Deficient work instruction and task assignment for the Bleeder Trip Valve (BTV) repair task. Corrective actions were to replace and seal weld the cover plug on the affected valve and to seal weld the cover plugs on other valves of similar design. Other key corrective actions included planning procedure changes related to threaded pipe assemblies, evaluation and training of maintenance foremen, implementation of a more risk informed screening process, procedure changes and an enhanced coaching card on procedure use and adherence, and management observations using the revised coaching card.

This event is being reported in accordance with 10 CFR 50.73(a)(2)(iv)(A) due to the manual scram and the Reactor Protection System initiation. There were no actual adverse consequences to the fuel, any safety-related plant equipment, or to the health and safety of the public as a result of this event since the dose consequences from the additional leakage would not have exceeded regulatory limits.

NRC Form 366 (10-2010)

EVENT DESCRIPTION

I REVISION NUMBER 01

3. PAGE 20F4 On January 25, 2011, Susquehanna Steam Electric Station Unit 1 reactor was manually scrammed due to an unisolable extraction steam system leak in the 1 C Feedwater Heater Bay area. Reactor power was lowered from 98.4% to 65% prior to the scram. Non-safety-related electrical equipment exposed to the condensing steam began malfunctioning. Attempts to isolate the source of the leakage were unsuccessful. Based on continued indications of an unisolable steam leak, the decision was made to shut down the unit. The mode switch was placed in shutdown. All rods inserted. Reactor water level lowered to minus 31 inches causing a Level 3 (plus 13 inches) isolation. The Reactor Core Isolation Cooling System (RCIC) automatically initiated on a minus 30 inch level signal and was manually secured after water level was restored. Reactor water level was maintained at the normal operating band using feedwater. No steam relief valves opened. All safety systems (RPS and PC IS) operated as expected.

CAUSE OF THE EVENT

PPL completed a root cause investigation shortly after the event occurred.
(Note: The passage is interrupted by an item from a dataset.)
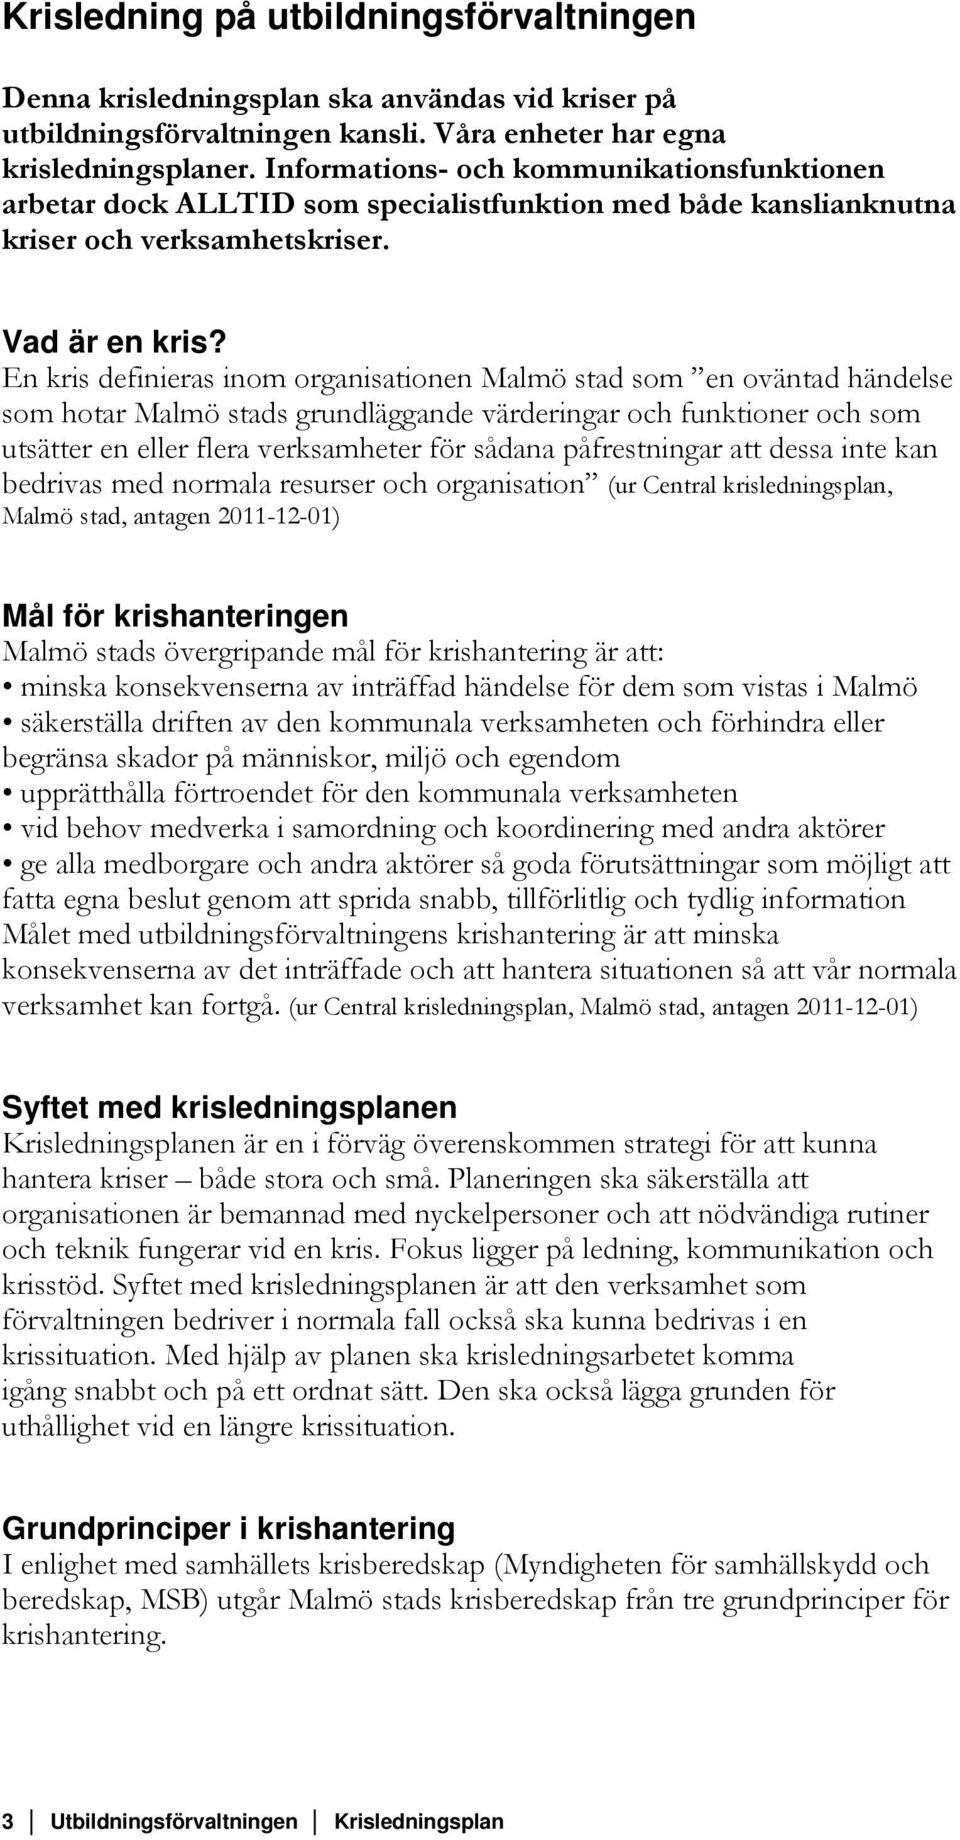 En kris definieras inom organisationen Malmö stad som en oväntad händelse som hotar Malmö stads grundläggande värderingar och funktioner och som utsätter en eller flera verksamheter för sådana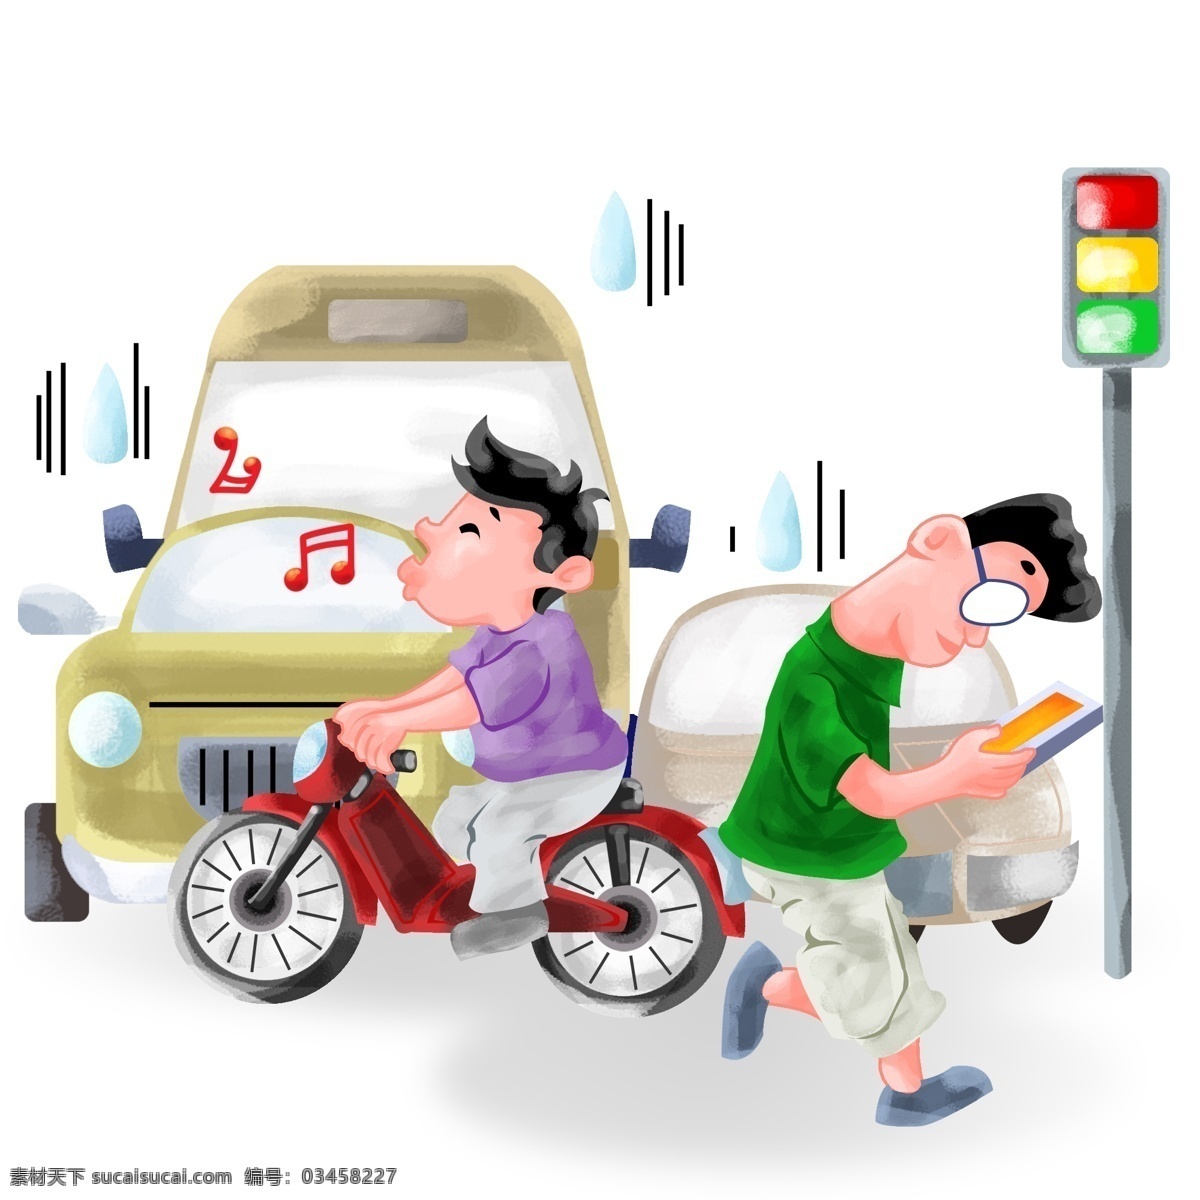 手绘 马路 不 看 红绿灯 插画 过马路 骑 自行车 孩子 看书的路人 违反交通法 手绘插画 卡通插画 遵守 交通 规则

This root cause evaluation determined the direct cause of the unisolable steam leak was the loss of a bleeder trip valve cover plug via steam-induced thread erosion due to inadequate thread engagement and improper application of thread sealant. The inadequate thread engagement and improper application of thread sealant were due to neither the work instructions nor employee knowledge/experience being sufficient to ensure a correctly assembled threaded pipe fitting. In addition several causal factors were identified:

The cover plug hole may have been used as a rigging attachment point which compromised the pipe joint integrity.

Procedures for addressing identified plant deficiencies were not followed.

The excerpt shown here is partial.